Die Musik und die Soundeffekte besitzen nicht nur einen futuristischen Flair, sondern lehnen an die trashigen B-Movies an. Wer es kennt und zu schätzen weiß, der wird es lieben, auch wenn es nicht ganz klar ist, was es in einer Zeichentrick-Umsetzung verloren hat. Die Charakterstimmen sind natürlich erste Sahne, wenn auch nur in Englisch und mit deutschen Untertiteln versehen.

(Fazit weiter unten)

Wir bedanken uns bei Koch Media für die freundliche Bereitstellung eines Testmusters.

Game Facts

Entwickler: D3 Publisher
USK: 12
Pegi: -
Multiplayer: 1-2 Spieler
Sprache: Englisch / deutsche Untertitel
Preis: EUR 39,99 / CHF 63.-
Website: www.d3publisher.us

Review Ben 10: Protector of Earth  
 
Beschreibung
Steuerung
Unkompliziert, aber ohne Abwechslung beginnt man das pausenlose Knöpfedrücken. Wenn man möchte, kann man sogar aus 3 verschiedenen Einstellungen wählen.
Grafik
Der Cel Shading Look lässt den Spieler in eine bunte Comicwelt abtauchen. Besonders aber die kurzen Zwischensequenzen sind gut gemacht.
Sound
Die Musik ist Trash pur und versprüht einen frischen Wind.
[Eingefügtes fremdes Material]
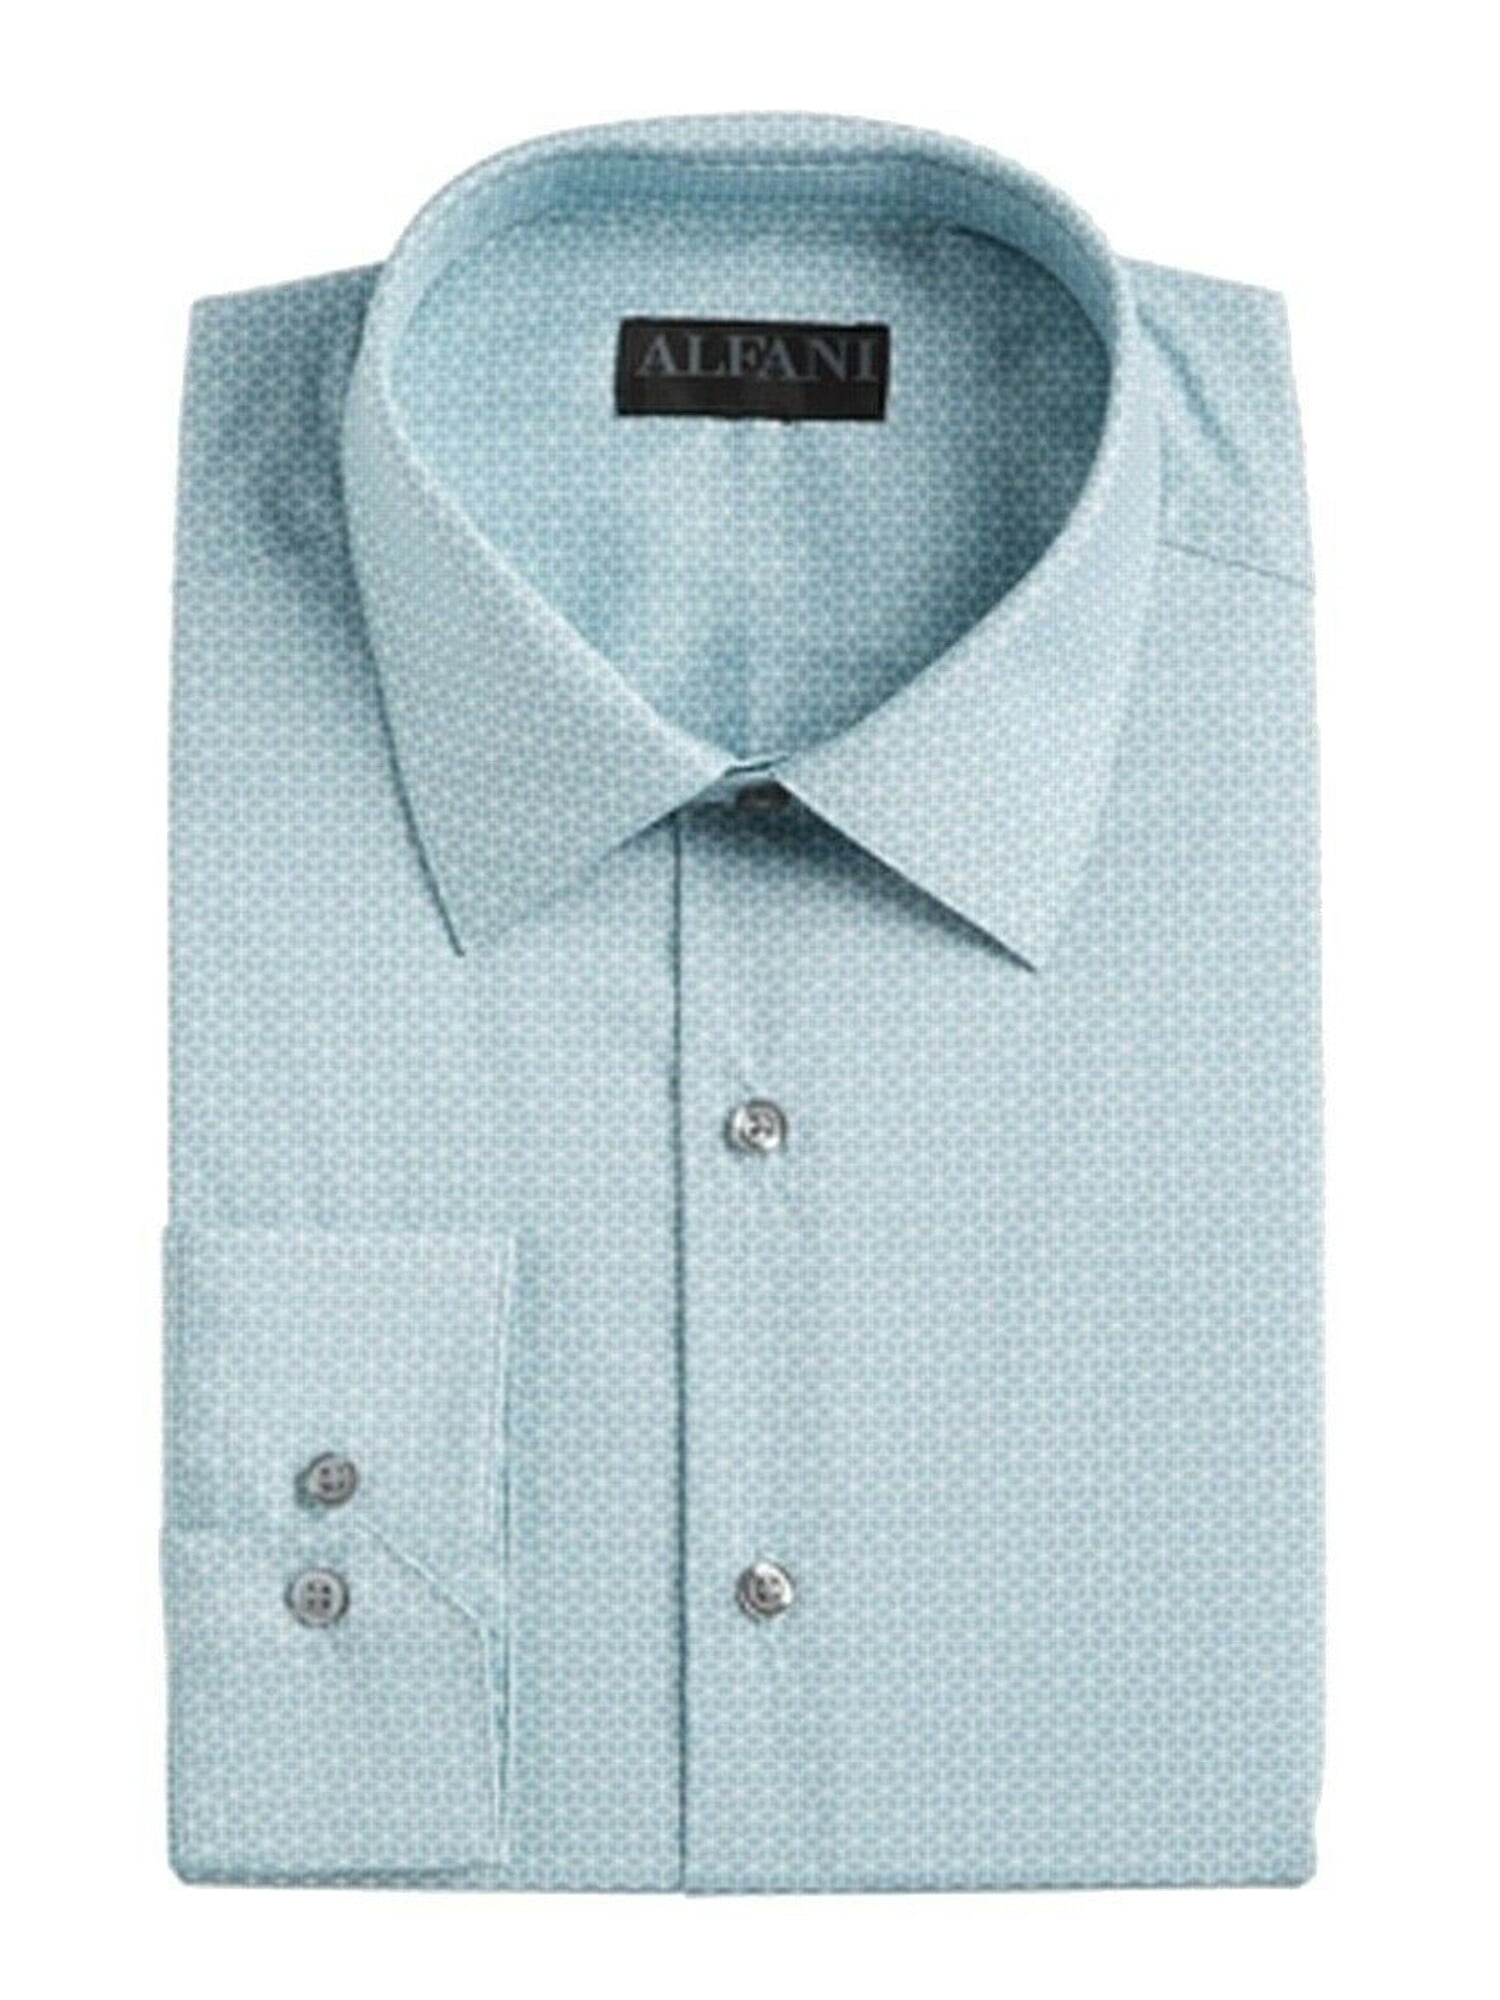 $95 ALFANI Men SLIM-FIT STRETCH WHITE POLKA-DOT BUTTON DRESS SHIRT 16-16.5 32/33 
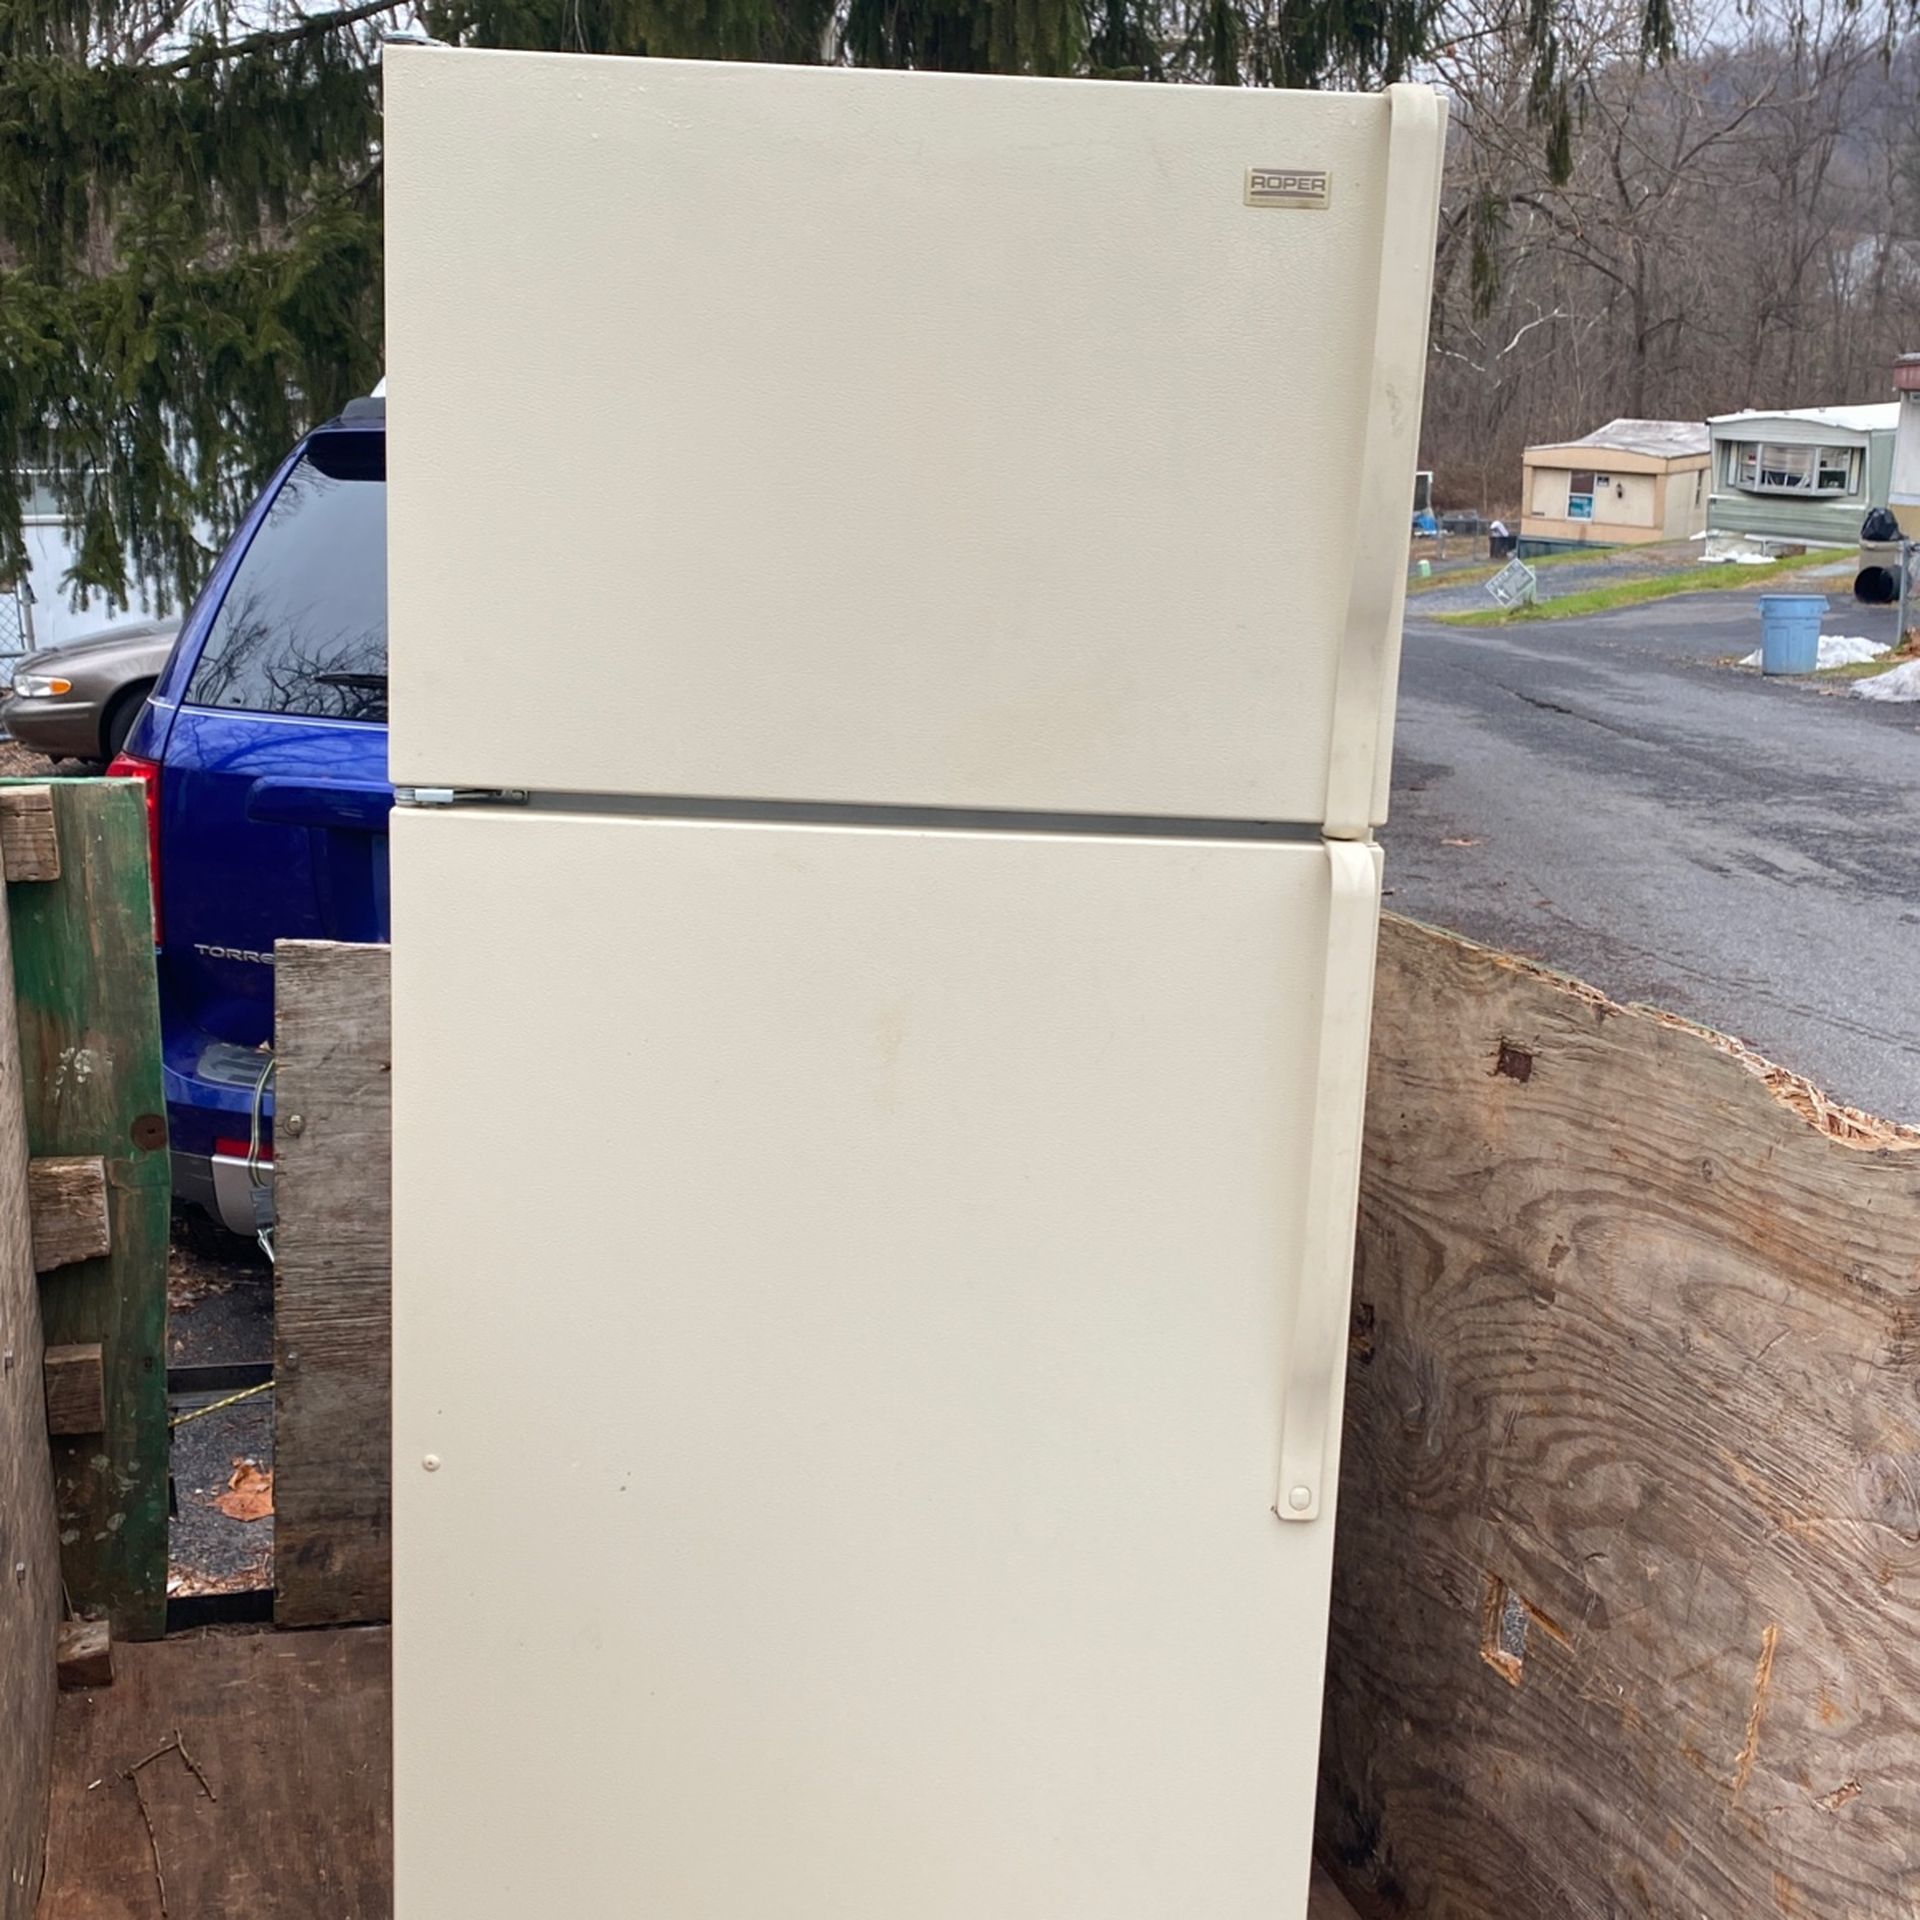 Roper fridge made by Whirlpool corporation

Wie es bei einer Zeichentrickserie üblich ist, regiert hier eine fiktive und wirre Musik.
Spielspaß
Nach jedem beendeten Level erwischt man sich dabei sagend: "Ok, noch ein Level, dann ist aber wirklich Schluss".
Sonstiges
+ Koop-Modus
- Keine Abwechslung
- sehr lineare Level
- nur 5 statt 10 Superhelden
- Umsetzung einer Zeichentrickserie nicht Jedermanns Fall

72%

Fazit
Doch, man muss schon sagen, dass Ben 10: Protector of Earth einen gewissen Charme und Reiz besitzt. D3 Publisher wollte kein ernstes oder realistisches Spiel entwickeln. Vielmehr sollte es eine Zeichentrickserie zum Spielen werden und dabei ist der beliebte Held Ben zum Einsatz gekommen. Ob nun Detailarmut, unrealistische Grafik und Cel Shading Look: Bei Ben 10 ist es egal. Man schaut sich eine Zeichentrickserie auch nicht an, weil sie mit echten Serien, etwa das A-Team, konkurrieren kann. Leider besitzt das Spiel nicht sehr viel Spieltiefe und Abwechslung, was man mit den nicht vorhandenen 5 weiteren Helden evtl. hätte schaffen können. Nicht nur für Fans der Serie, sondern auch für generell alle jung gebliebenen Zeichentrickserien-Liebhaber ist Ben 10 ein Muss in der eigenen Wii-Sammlung. Grafikverwöhnte und anspruchsvolle Spieler werden hingegen keinen Spaß finden.